In a release, Portland State said the decision to name the building in honor of Vanport "reflects Portland's diverse history and honors generations of activism, engagement and community organization within the city."

"As we celebrate Portland State's 75th Anniversary this year, we are reflecting often on our roots in Vanport," PSU President Stephen Percy said. "The Vanport Building is a beautiful addition to our downtown campus and will serve as a symbol and reminder of our resilient past and our continued dedication to racial justice and equity."

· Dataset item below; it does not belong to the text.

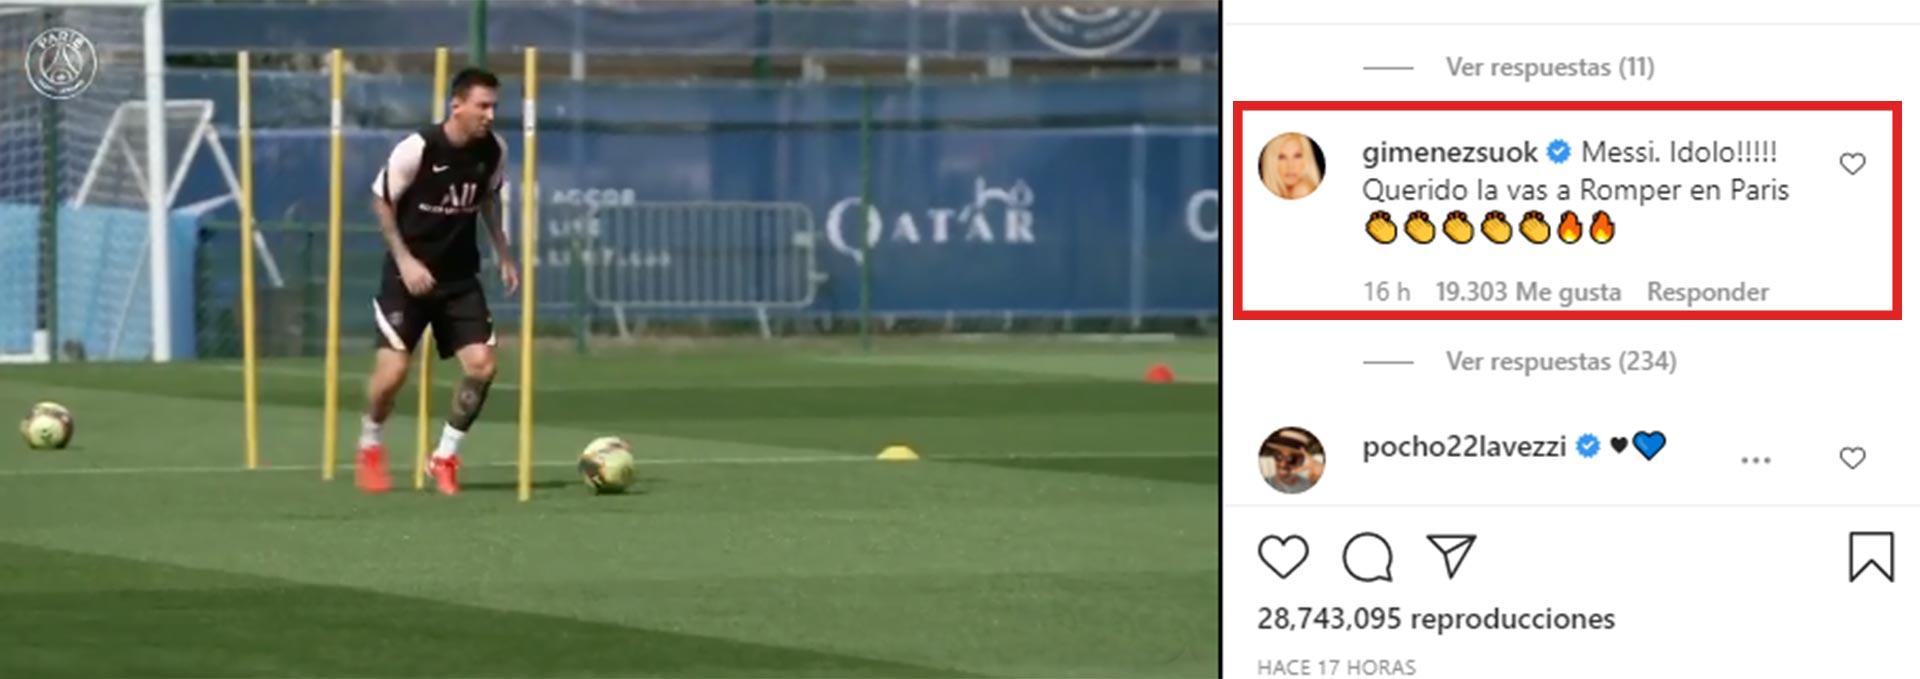 Susana usó Instagram para saludar a Messi por su llegada al PSG

In addition to the name, the building owners partnered with Vanport Mosaic — a memory-activism organization dedicated to preserving and sharing Vanport history — to create an exhibit at the entrance of the Vanport Building, which will serve as a permanent memorial to the town, the flood and the people who called Vanport home.

The memorial includes a mural by Portland Artist Alex Chiu titled "The Spirt of Vanport."

Courtesy Of Portland State University

"Vanport was a vibrant, engaged and diverse community, where working families could make a healthy life and where people took care of one another," said City Commissioner Carmen Rubio, who oversees the Bureau of Planning and Sustainability, one of the new building's tenants.

Rubio continued: "There's a collective, deep sense of loss for what this city could have been had the flood not happened or, more importantly, if city leaders had rightly valued the community. We take a small step in honoring Vanport's value, and in reminding ourselves to value all our communities every day, by choosing this name."

The Vanport Building, which first opened for use in January 2021, was designed by Portland's SRG Partnership and built for a cost of $111 million.